For the quantitative analysis, we used Dice of the segmentation map, 95% Hausdorff surface distance, NCC, and MI of grayscale images to evaluate our scheme separately. The results are shown in Table 1. It can be seen that good registration results are obtained for all three types of data, not only on the grayscale images, but also on the lung of interest. The Dice values of all three data types are above 0.97, the Hausdorff surface distances are below 2 mm, NCC are above 0.92 and MI are above 0.90. Compared with the real human lung, the NCC and MI of the phantom data are relatively small because the lung of the phantom itself does not change. Only the internal water sphere changes, which is more rigidly transformed relative to the real patient, so the NCC and MI are relatively small at higher Dice. However, the total accuracies are still above 0.92 and 0.90. Therefore, quantitative and qualitative results show that the proposed method can achieve non-rigid 2D/3D registration for a specific subject by two orthogonal angular projections.

Table 1.

The accuracy of subjects’ registration from the expiratory end to each phase.

Dice Hauf (95%) NCC MI
TCIA [0%,10%] 0.9814 1.1210 0.9846 0.9796
[0%,20%] 0.9791 1.3811 0.9846 0.9760
[0%,30%] 0.9795 1.3811 0.9847 0.9540
[0%,40%] 0.9785 1.3811 0.9846 0.9578
[0%,50%] 0.9806 1.4196 0.9848 0.9650
Dirlab [0%,10%] 0.9857 1.8839 0.9762 0.9590
[0%,20%] 0.9857 1.8620 0.9723 0.9535
[0%,30%] 0.9853 1.8280 0.9691 0.9511
[0%,40%] 0.9853 1.8290 0.9680 0.9424
[0%,50%] 0.9854 1.8290 0.9753 0.9608
CIRS [0%,10%] 0.9862 0.9043 0.9338 0.9135
[0%,20%] 0.9907 1.6713 0.9291 0.9023
[0%,30%] 0.9888 2.0000 0.9360 0.9064
[0%,40%] 0.9885 1.9087 0.9348 0.9065
[0%,50%] 0.9894 1.9087 0.9349 0.9178

4.2. Tumor Location

Both TCIA patient and the phantom contained tumors. The accuracy of tumor localization was evaluated qualitatively and quantitatively.
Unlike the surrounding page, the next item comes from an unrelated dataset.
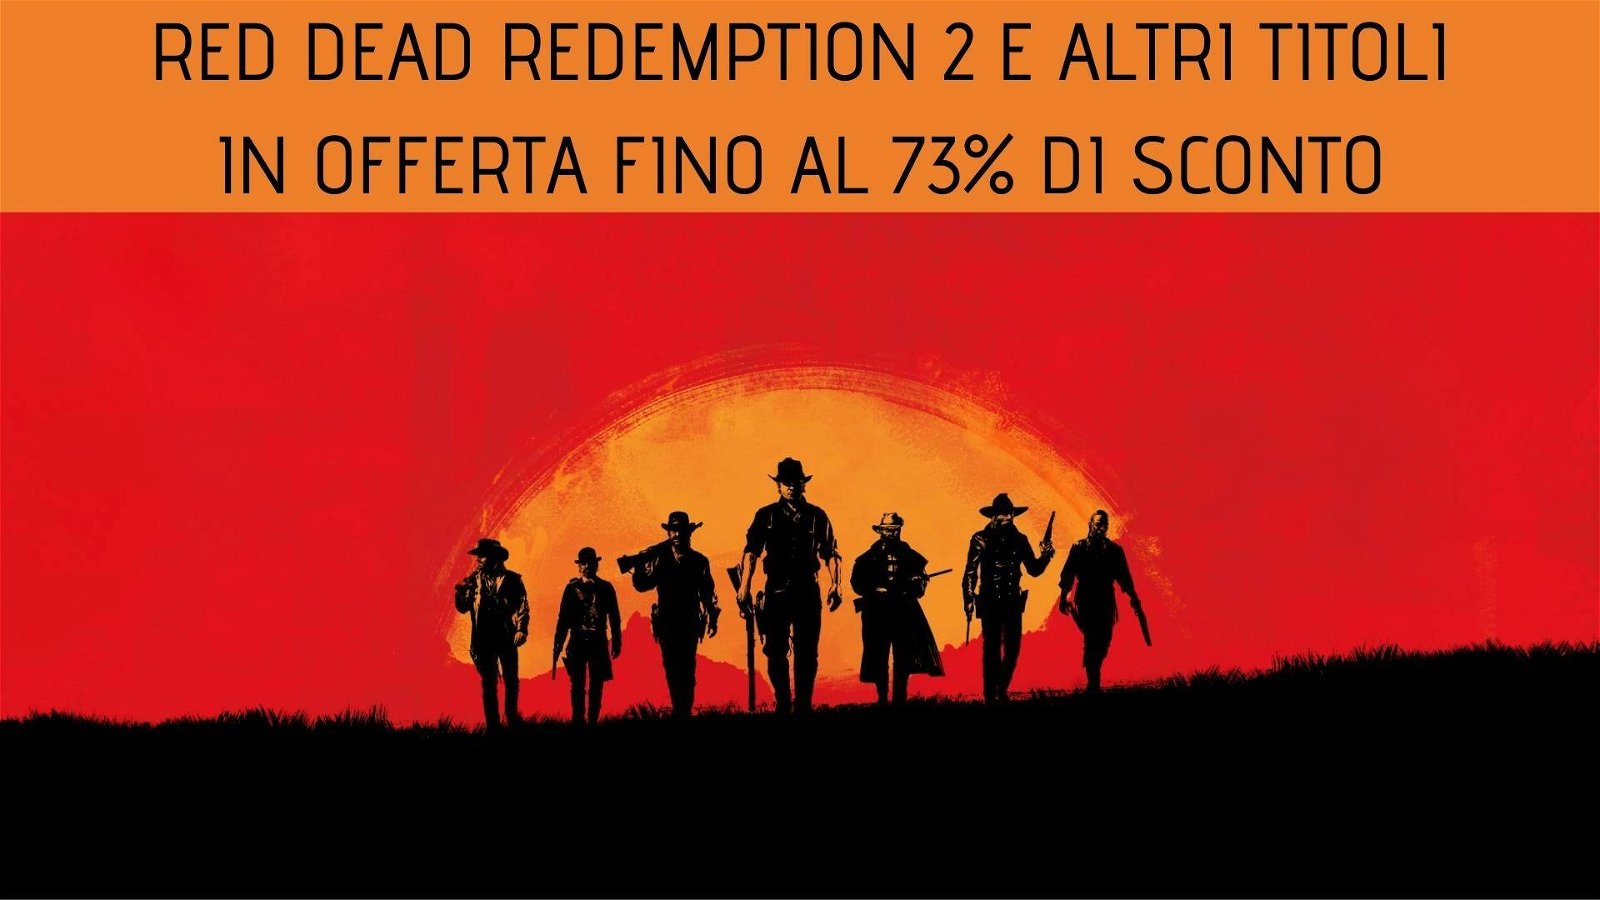 Immagine di Red Dead Redemption 2 e altri titoli Rockstar in sconto fino al 73% su GamersGate!

Figure 5 shows the qualitative evaluation of the 3D tumor with two types of data, where (a) is a 3D visualization image of the patient’s overall lung and tumor and (b) is of the phantom data. Table 2 presents the quantitative results, where we evaluated the tumor center mass and Dice. The tumor center of mass deviation is within 0.15 mm for the real patient. The phantom tumor center of mass is less than 0.05 mm. The Dice of both are above 0.88. It can be seen that the proposed method can achieve registration both for the whole lung and for the tumor. In addition, the fact that local tumors are well aligned suggests that our model could be useful for clinical applications such as tracking tumors.

Figure 5.

Figure 5

Tumor registration results from the exhalation end to other stages. Where (a) is the 3D presentation of the results before and after a real patient’s lung and tumor registration, and (b) is of the phantom data of the 3D results of the tumor display. The odd rows are the unregistered images, and the even rows are the post-registered images. The red image indicates the ground truth. Blue is the moving image, and green is the predicted result obtained by the model.

Table 2.

The accuracy of tumor location from the expiratory end to each phase.

Center Mass (mm) Dice
X(LR) Y(AP) Z(LR) Center Tomor
TCIA [0%,10%] 0.0003 0.0473 0.0844 0.0968 0.9440
[0%,20%] 0.0117 0.0133 0.0260 0.0315 0.9434
[0%,30%] 0.0031 0.0023 0.0473 0.0022 0.9023
[0%,40%] 0.0032 0.0078 0.0339 0.0350 0.9080
[0%,50%] 0.0227 0.0510 0.1251 0.1370 0.8984
CIRS [0%,10%] 0.0224 0.0011 0.0270 0.0351 0.9717
[0%,20%] 0.0061 0.0025 0.0081 0.0104 0.9764
[0%,30%] 0.0086 0.0018 0.0158 0.0181 0.9609
[0%,40%] 0.0174 0.0177 0.0084 0.0262 0.9702
[0%,50%] 0.0022 0.0043 0.0477 0.0479 0.8826

5. Discussion

5.1. Traditional Registration in Data Augmentation

We used traditional intensity-based image registration for data augmentation to complete the registration between phases. Here we present the two most distorted parts of the three data, the end of expiration and the end of inspiration, for evaluation. The experimental results are shown in Figure 6.

Figure 6.

Figure 6

The traditional registration method results from the end of exhalation to the end of inhalation. The first two columns are the registration results on the patient, the middle two are the registration results on the normal human lung, and the last two are the registration results on the phantom. The odd columns are the unregistered images, and the even columns are the results of the registered images.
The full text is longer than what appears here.